Motivation collapses under real pressure. Systems don't. That's the whole thesis of Weapon 4 in the Entrepreneur Survival Guide — Resilience. "Emotion breaks under pressure — systems don't." The cold shower, the workout, the no-carb discipline — these aren't about health. They're about proving to yourself every single day that you can withstand discomfort and still execute. When the 2008 crisis hit and I was working 20-hour days with no end in sight, I didn't need motivation. The system was already running.
| Discipline | Duration | Details | ESG Connection |
|---|---|---|---|
| Daily Workout | 38+ years | 45-min Stairmaster + yoga, no days off since college | Weapon 4: Resilience |
| Zero Carbs | 30+ years | Complete dietary discipline — no exceptions | Weapon 5: Stretch Your Limits |
| Cold Shower | Since Oct 2008 | 5 minutes, freezing water, every morning | Weapon 4: Resilience |
| Backwards Stairs | Daily | Walks backwards up 5 flights of stairs | Weapon 5: Stretch Your Limits |
| Extreme Yoga | Ongoing | Flexibility at gymnastics/ballet level | Weapon 5: Stretch Your Limits |
Part V — "Who Here Is a Lonely Entrepreneur?" — How a Starbucks Moment Became a Global Movement
Q
After the sale to Welltok in 2013, you could have retired. You'd successfully exited, you were acknowledged as the founder of an industry. What happened next?
Michael Dermer
After selling IncentOne, I was relaxing in New York City, reflecting. I was incredibly proud of the team that built a company for ten years, watched it almost collapse, and then not only survived the financial crisis but bounced back and sold. And I started helping entrepreneurs informally — friends, friends of friends, anyone who wanted help. Just for fun.
One day I was having coffee with one of them, and she said, "Being an entrepreneur is really lonely." And I thought, "Wow, that's interesting." When I told a friend about it two weeks later, he said, "That's gold." We were walking down the street and he said, "Watch this." We walked into a crowded Starbucks in Union Square in New York and he yelled, "Who here is a lonely entrepreneur?" Every hand went up.
That was the moment.

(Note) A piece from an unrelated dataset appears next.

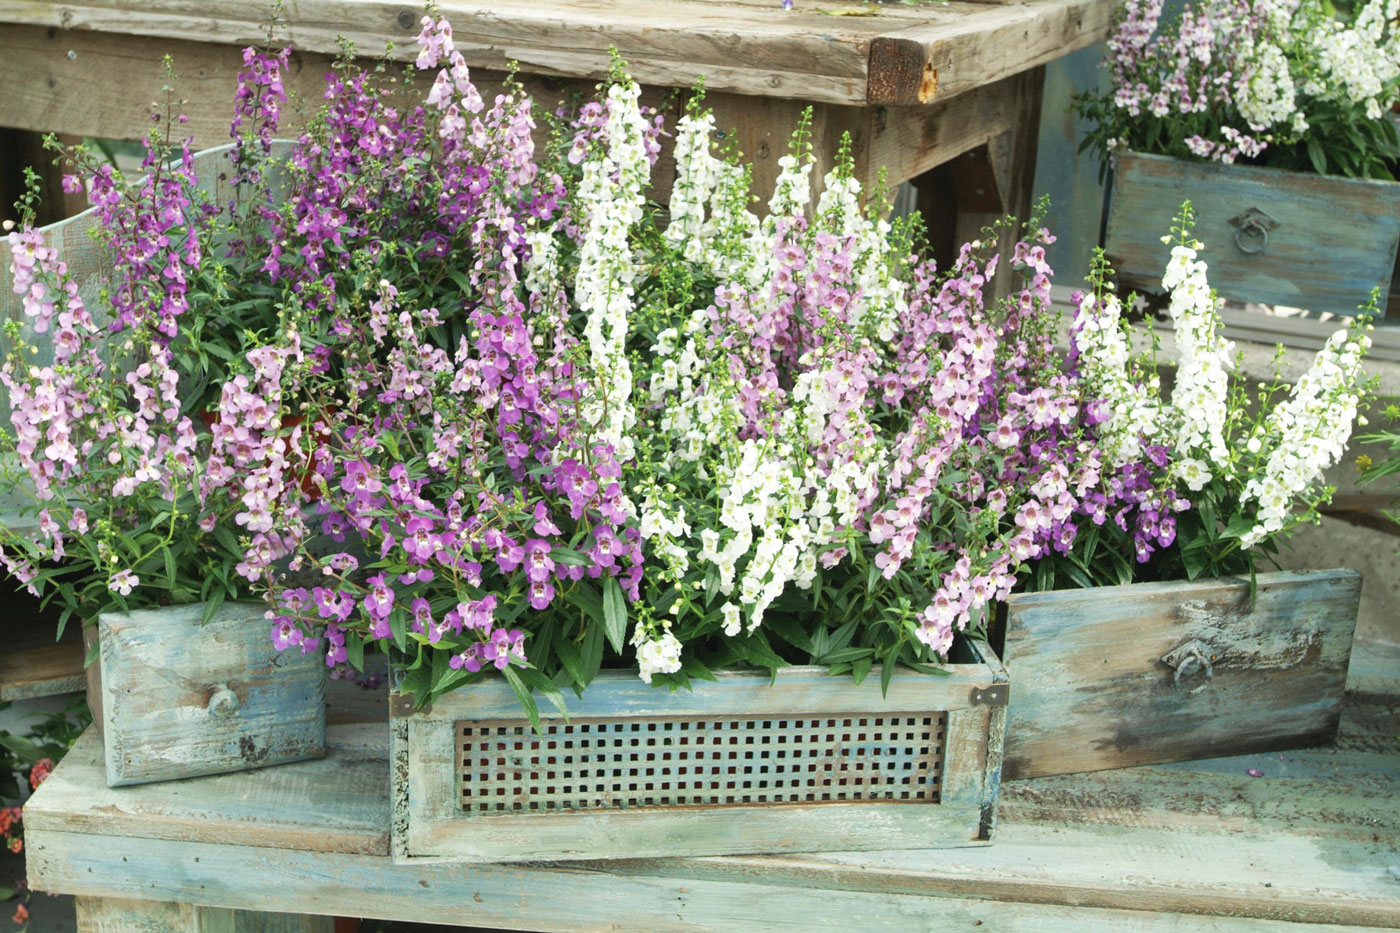 white, pink and purple colored flowers in a wooden box

The Lonely Entrepreneur gave language to something universal. What Sex and the City did for women wasn't inventing experience — it was naming it publicly, honestly, without apology. The Lonely Entrepreneur did the same thing for founders. Once the phrase existed, people didn't feel weak. They felt seen.
Q
There's a quote on your site: "People say Taylor Swift connects because young women feel like she's talking to them in their bedrooms. Michael is the same for entrepreneurs." That's a big comparison. What does it mean to you?
Michael Dermer
It means that what I say is what entrepreneurs feel every day. I didn't invent the loneliness. I named it. And once you name something, people stop blaming themselves for feeling it. They start building solutions instead. That's the whole mission — we are all lonely entrepreneurs, but you are not alone.
Part VI — The Founder Loneliness Epidemic: Why This Matters More Than Ever
Q
You founded The Lonely Entrepreneur before the founder mental health conversation went mainstream. Now the data is staggering. Walk us through what the landscape looks like today.
Michael Dermer
When we started, nobody was talking about this. Now the research has caught up to what we already knew. The data tells the story we've been telling since Starbucks.
2025 Founder Survey
Fortune, Sep 2025
Founder Reports, Jan 2026
Harvard Business Review
Founders feel lonely because they operate in a role where responsibility cannot be fully shared. Even with a team, advisors, or investors, the final decisions — and their consequences — rest with the founder. Many challenges can't be openly discussed due to confidentiality, leadership perception, or lack of relatable peers. That gap between what you're going through and the support available to you — that's the structural loneliness. It's not a personal failure. It's built into the role.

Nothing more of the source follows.